### EXCERPTED RECORDS

--- START ---

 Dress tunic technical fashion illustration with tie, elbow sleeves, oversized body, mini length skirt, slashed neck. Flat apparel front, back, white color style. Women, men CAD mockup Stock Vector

--- END ---
--- START ---

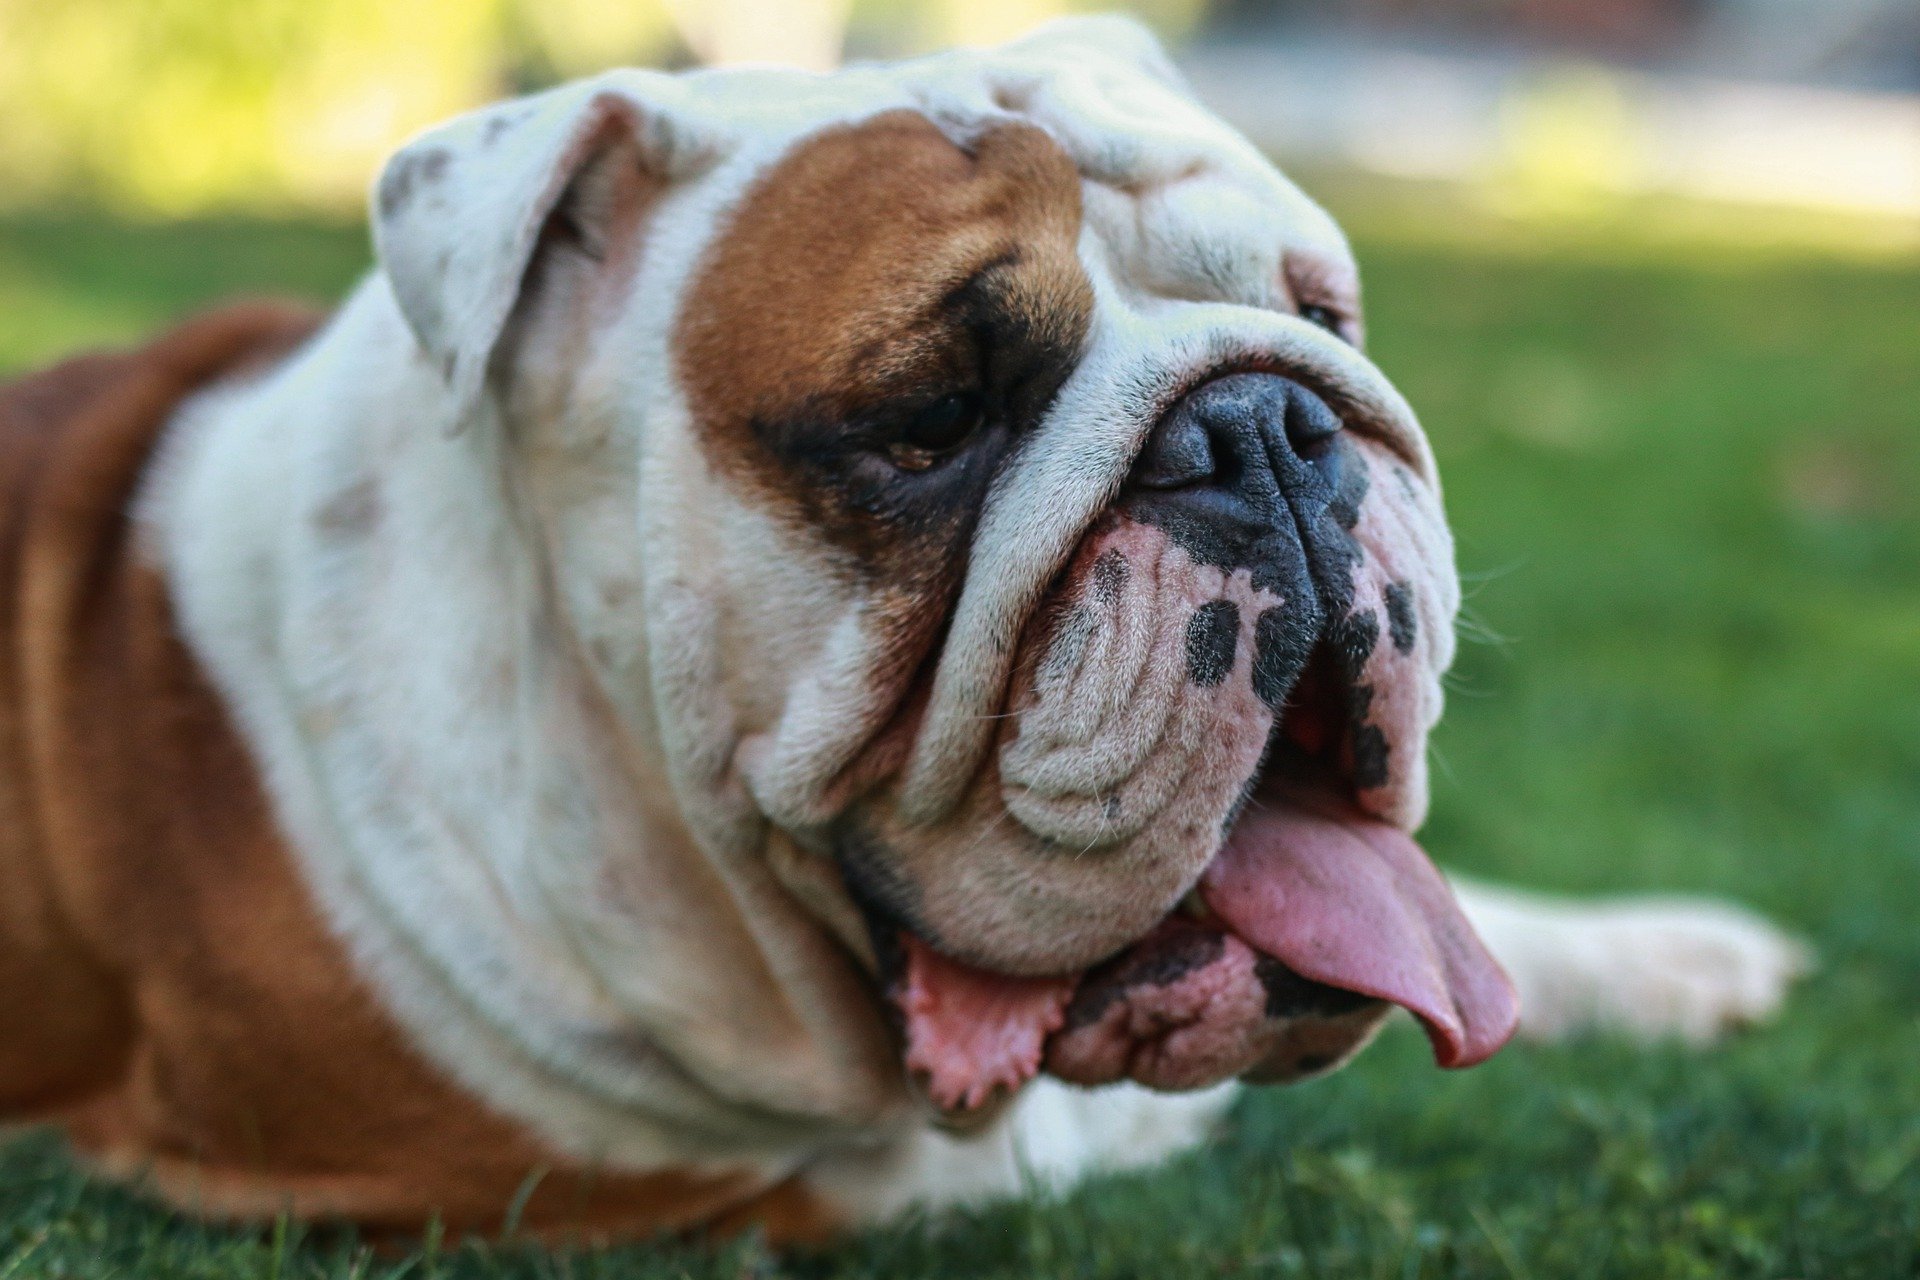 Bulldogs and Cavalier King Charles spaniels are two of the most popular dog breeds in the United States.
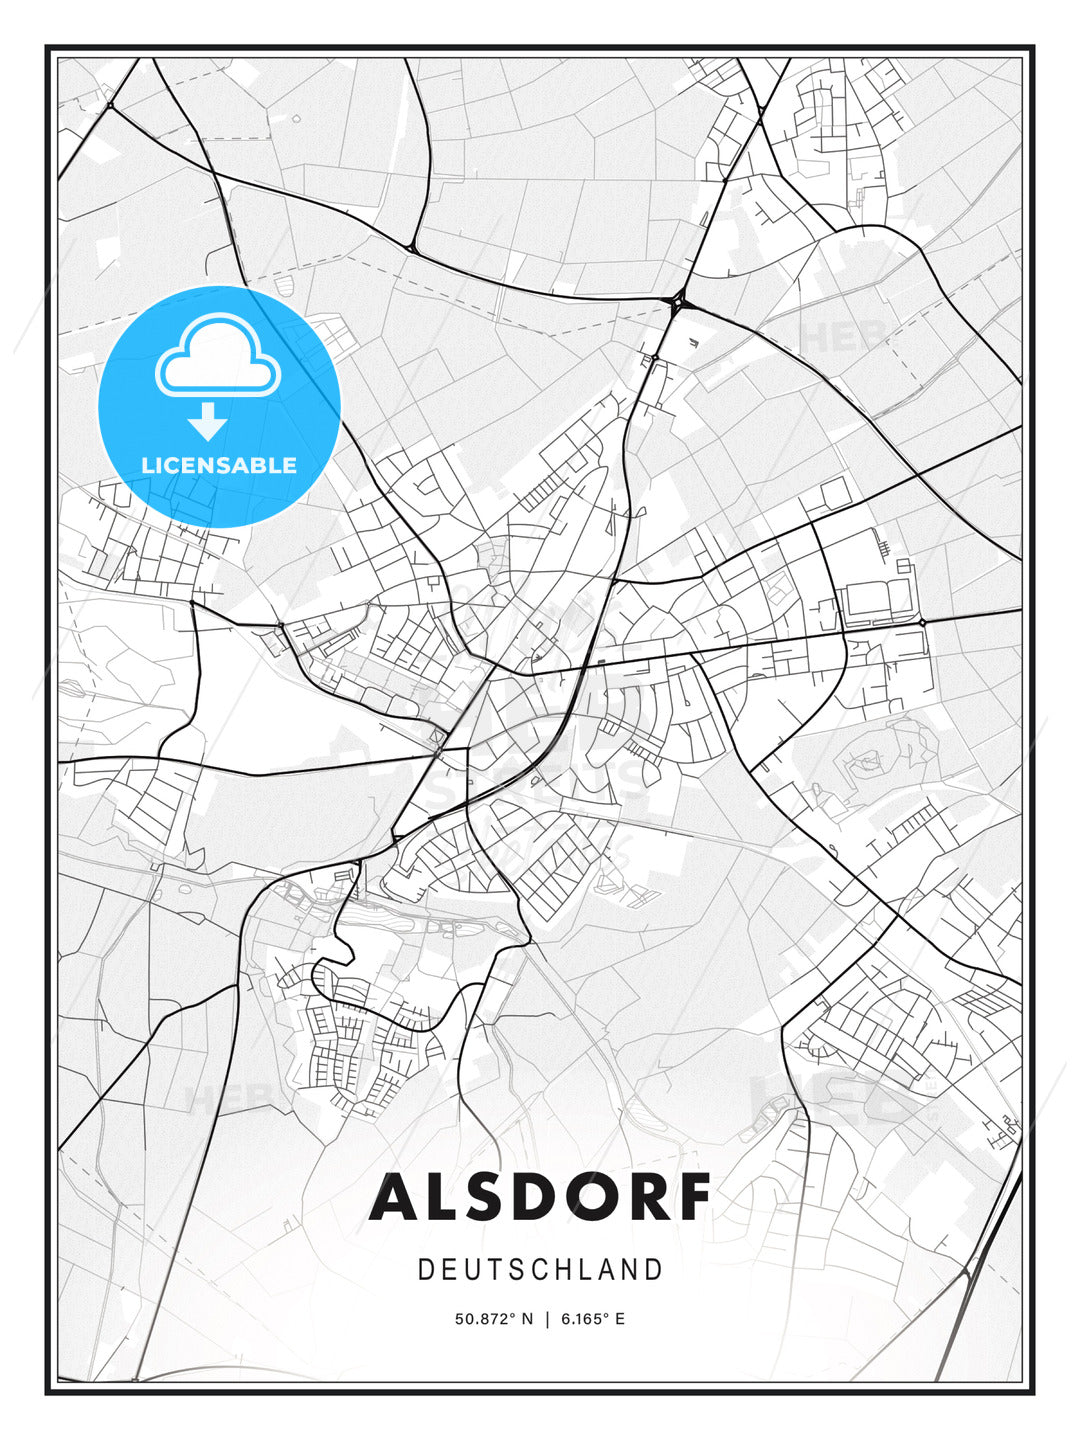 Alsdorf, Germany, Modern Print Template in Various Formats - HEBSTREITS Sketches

--- END ---

### WORK ORDER
Please output the lines above beginning at the line with "Bulldogs and Cavalier" and ending after the line with "Alsdorf, Germany, Modern", precisely as written and with no pictures.

### ANSWER SPACE
 Bulldogs and Cavalier King Charles spaniels are two of the most popular dog breeds in the United States.
 Alsdorf, Germany, Modern Print Template in Various Formats - HEBSTREITS Sketches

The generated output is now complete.